▶ _RECORDED INFORMATION_:
───

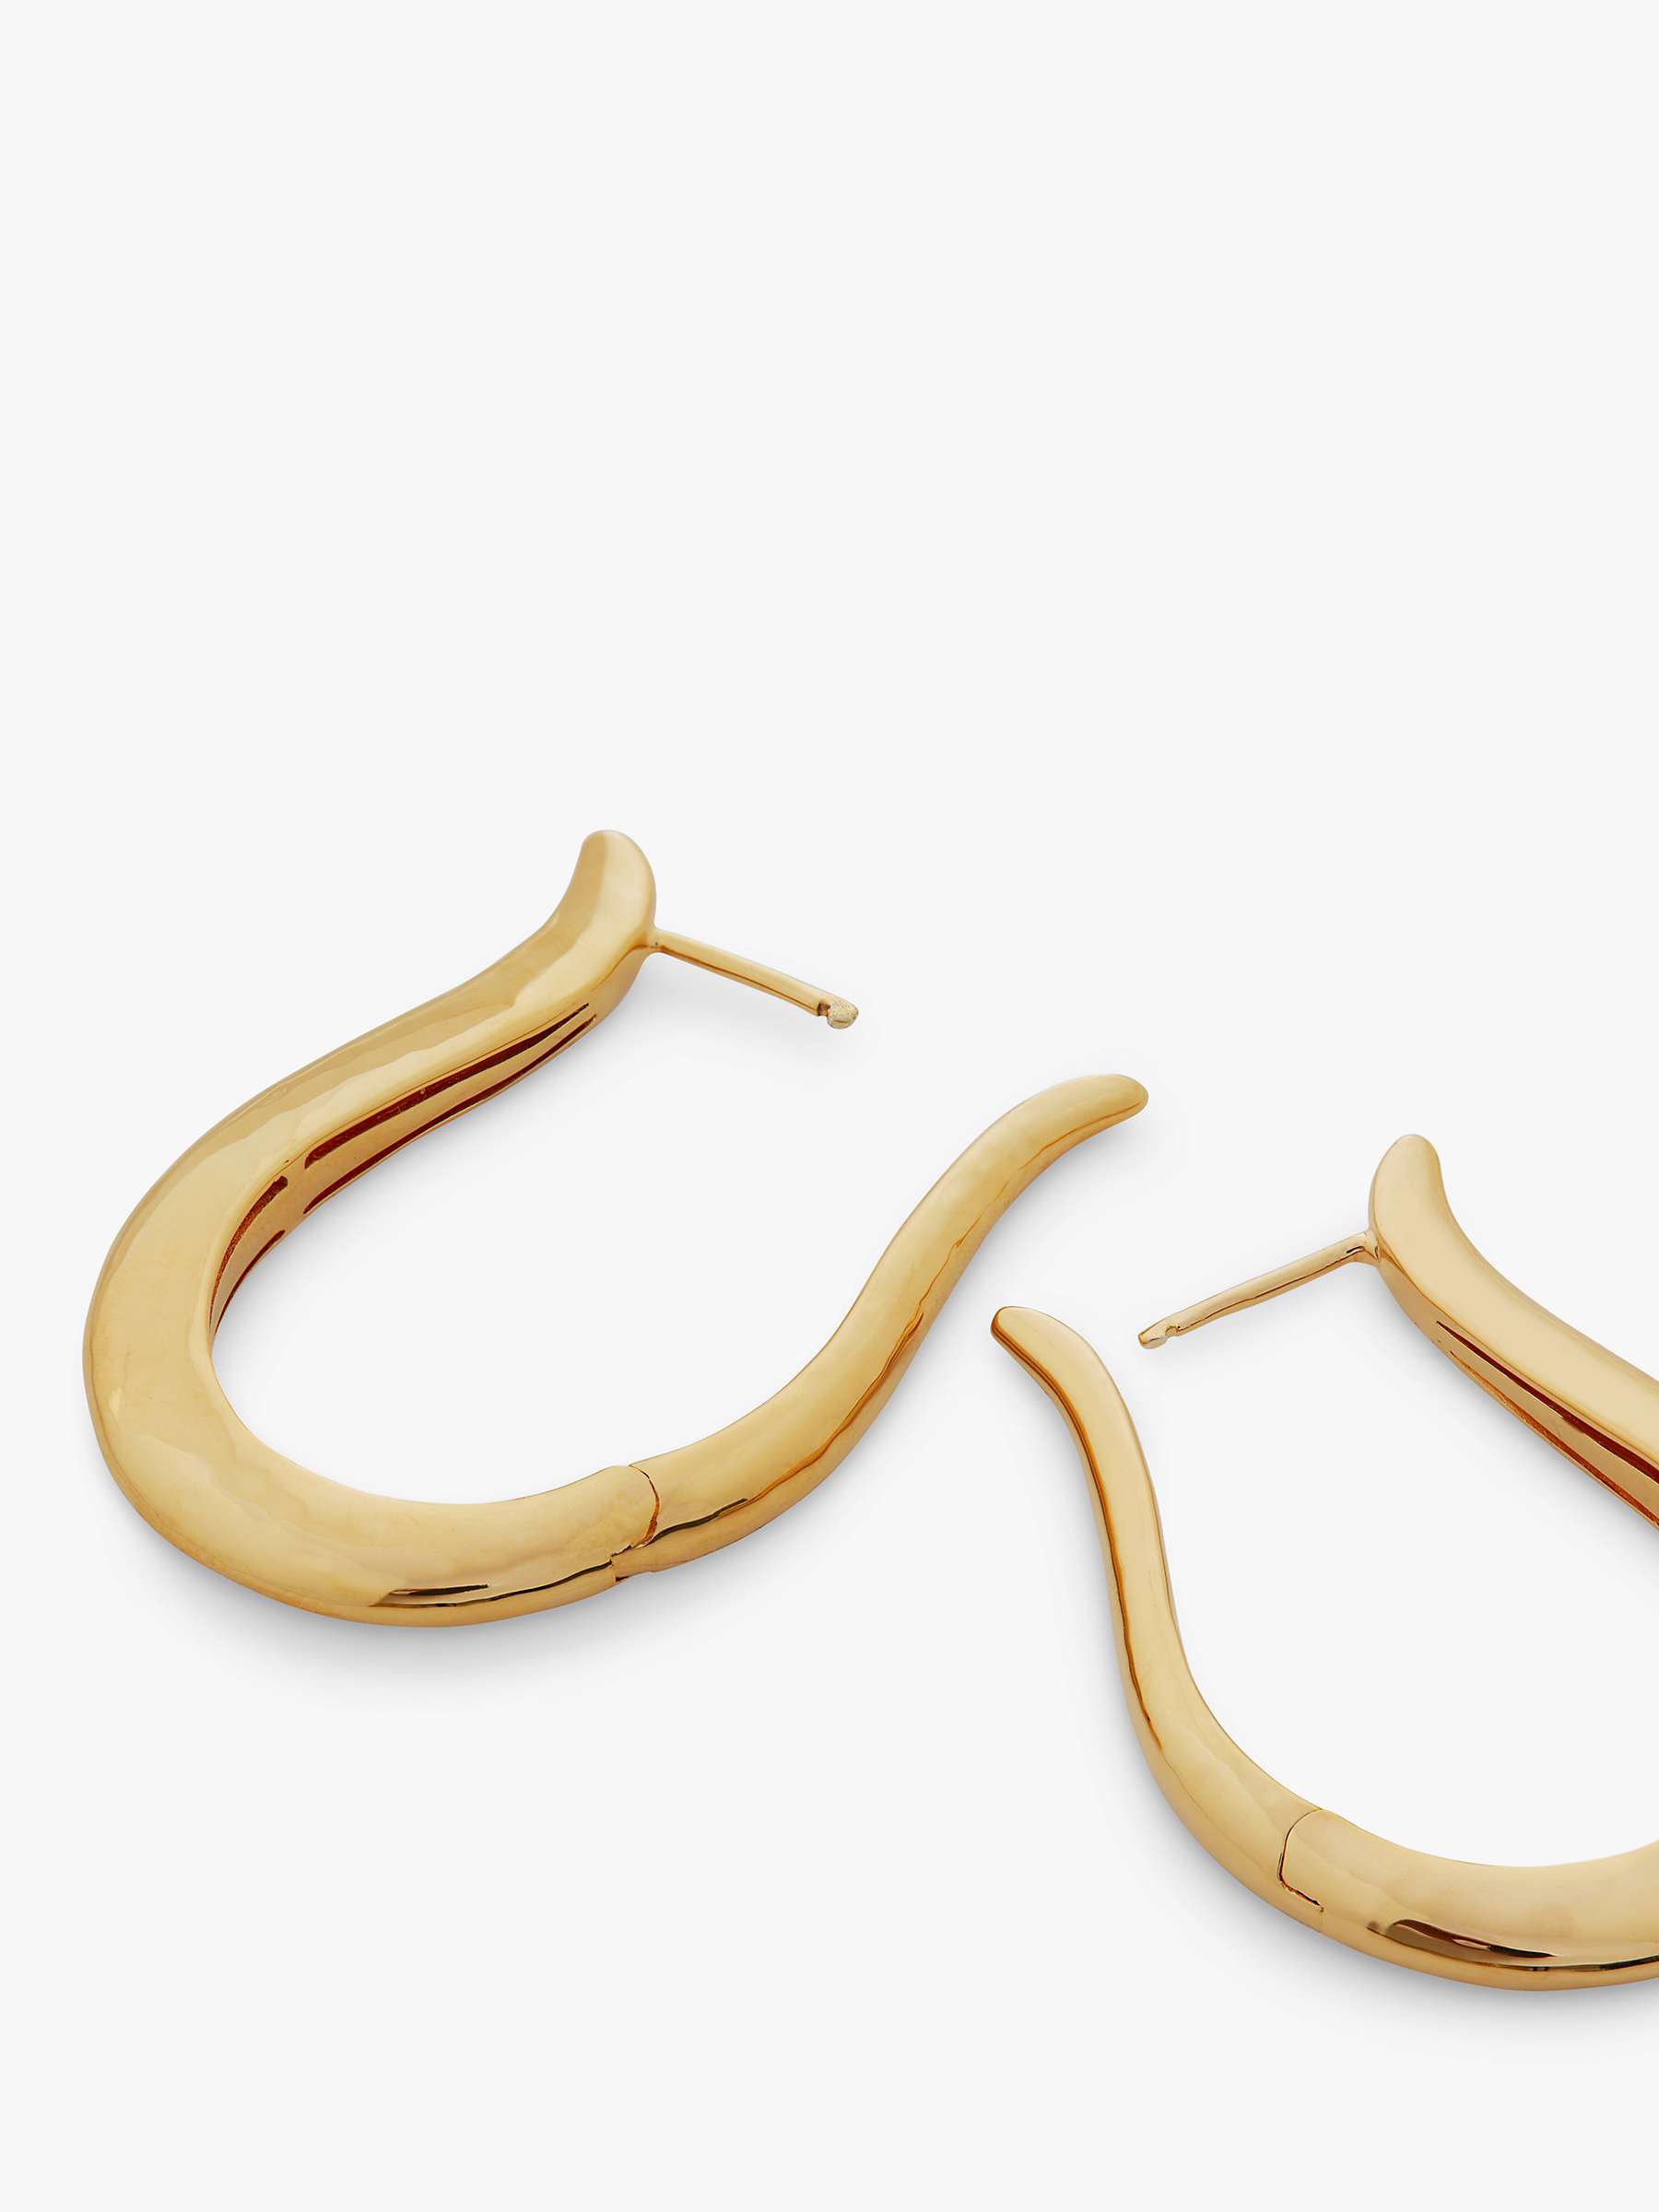 Monica Vinader Deia Lyre Large Hoop Earrings, Gold at John Lewis & Partners
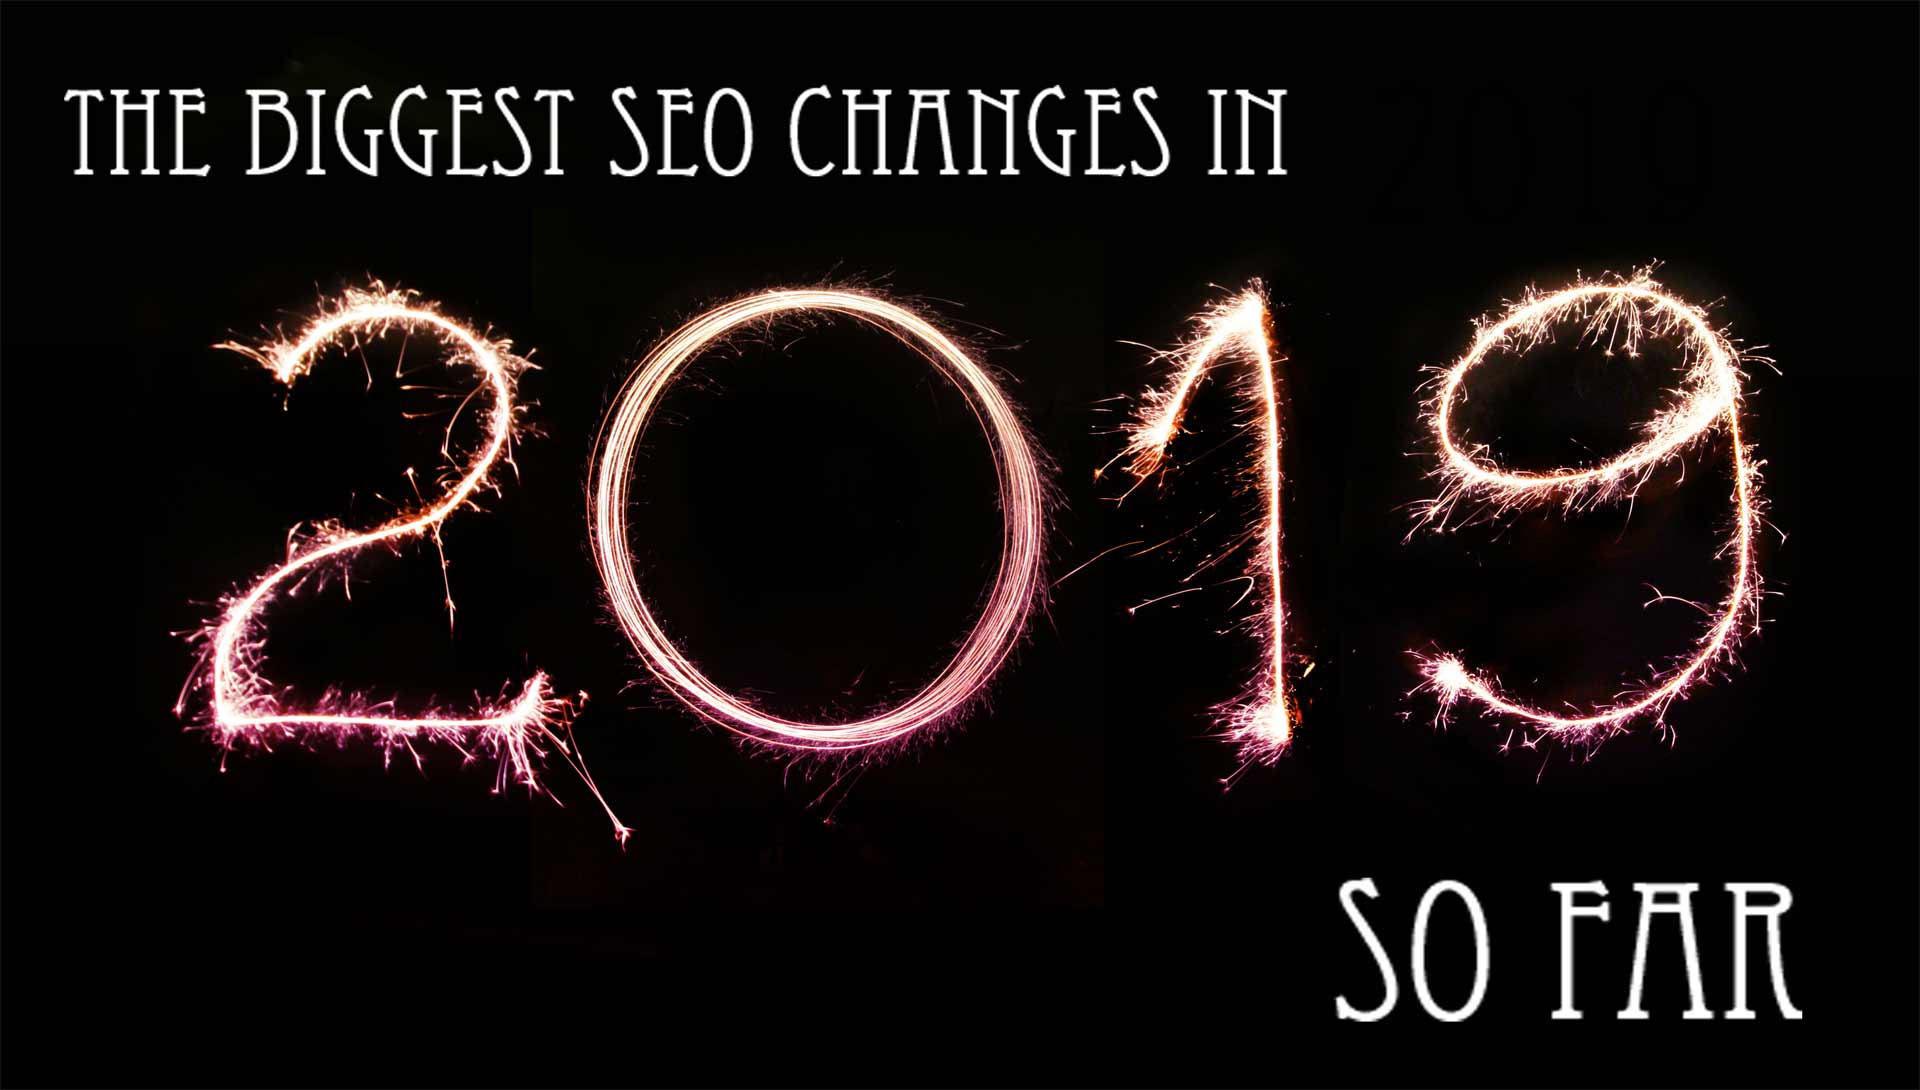 SEO changes 2019
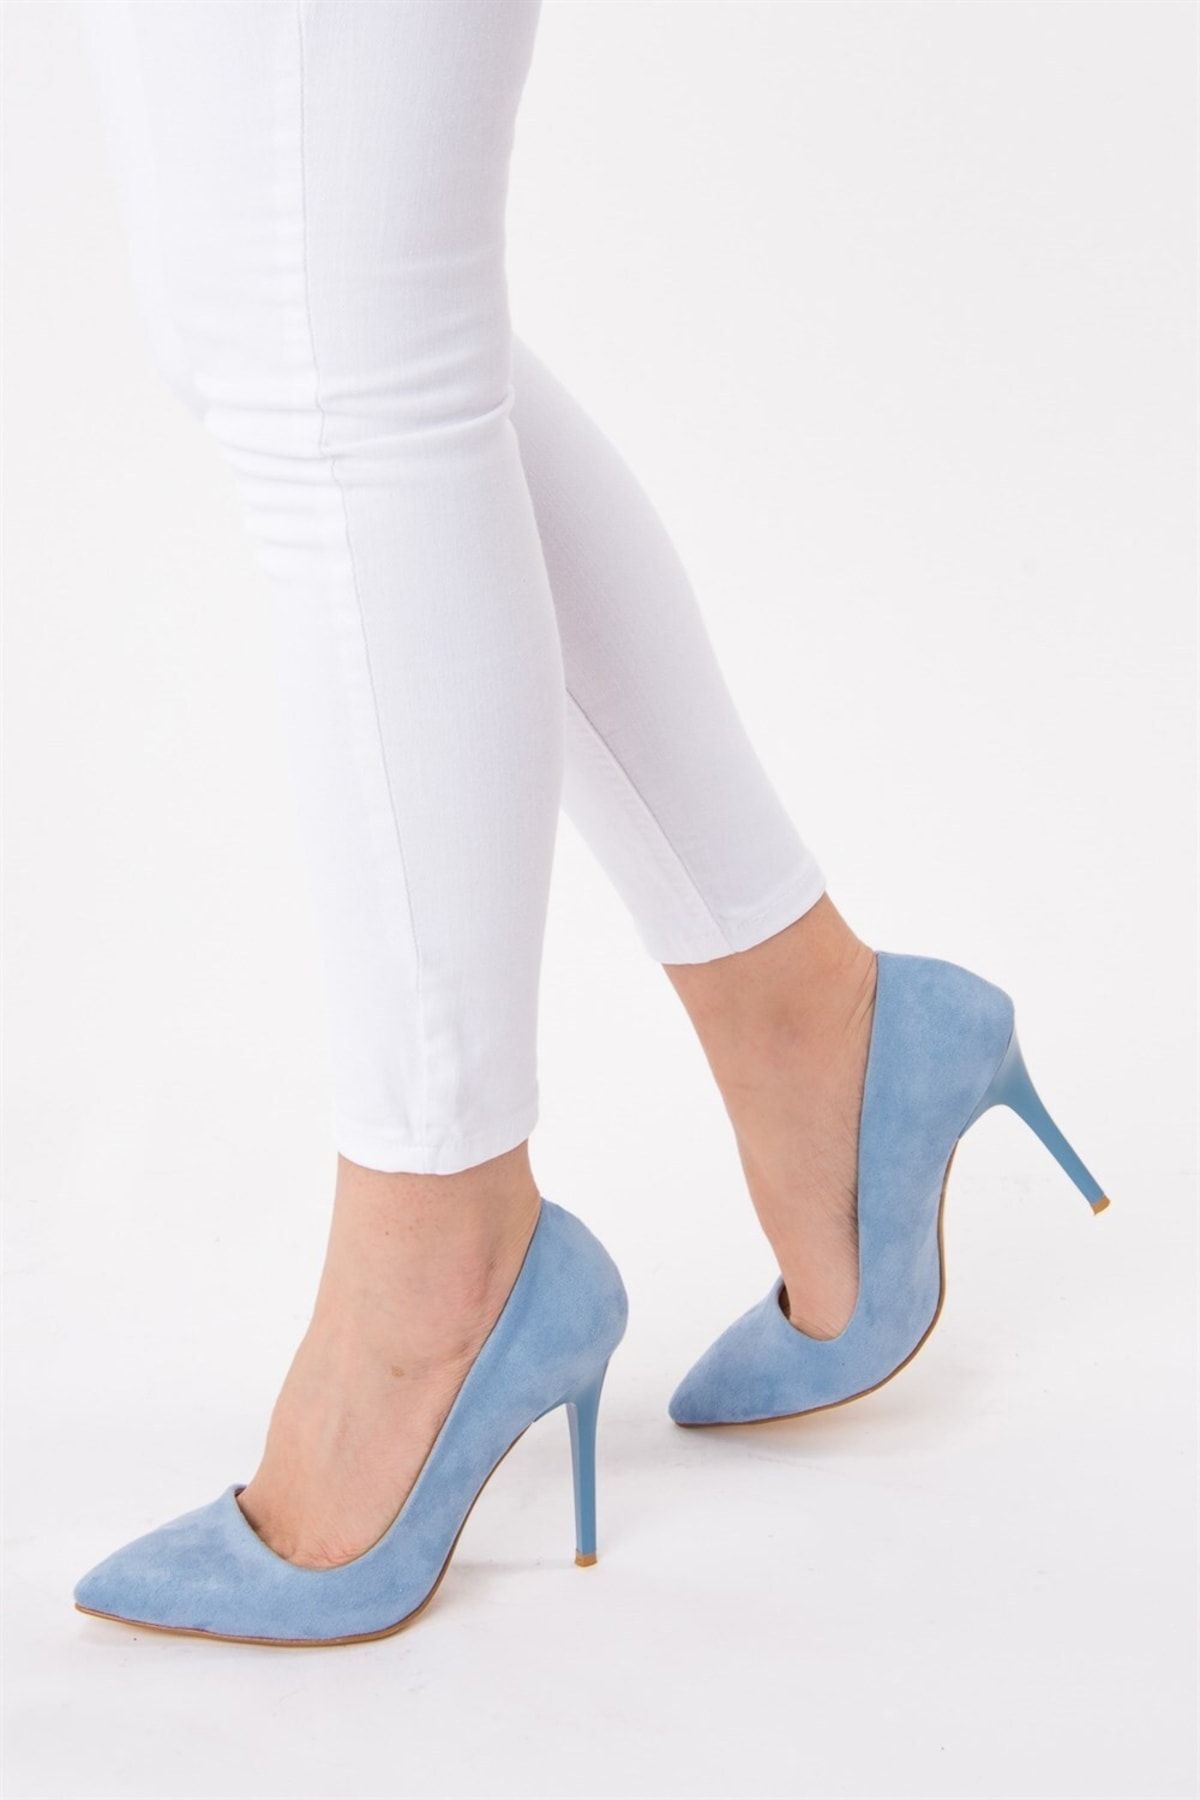 Fox Shoes Mavi Kadın Topuklu Ayakkabı 8922151902

───

▶ _YOUR TASK_: With pictures excluded, the material is to be written out exactly as given.

▶ _PROBLEM SOLUTION_:
 Monica Vinader Deia Lyre Large Hoop Earrings, Gold at John Lewis & Partners
 SEO changes 2019
 Fox Shoes Mavi Kadın Topuklu Ayakkabı 8922151902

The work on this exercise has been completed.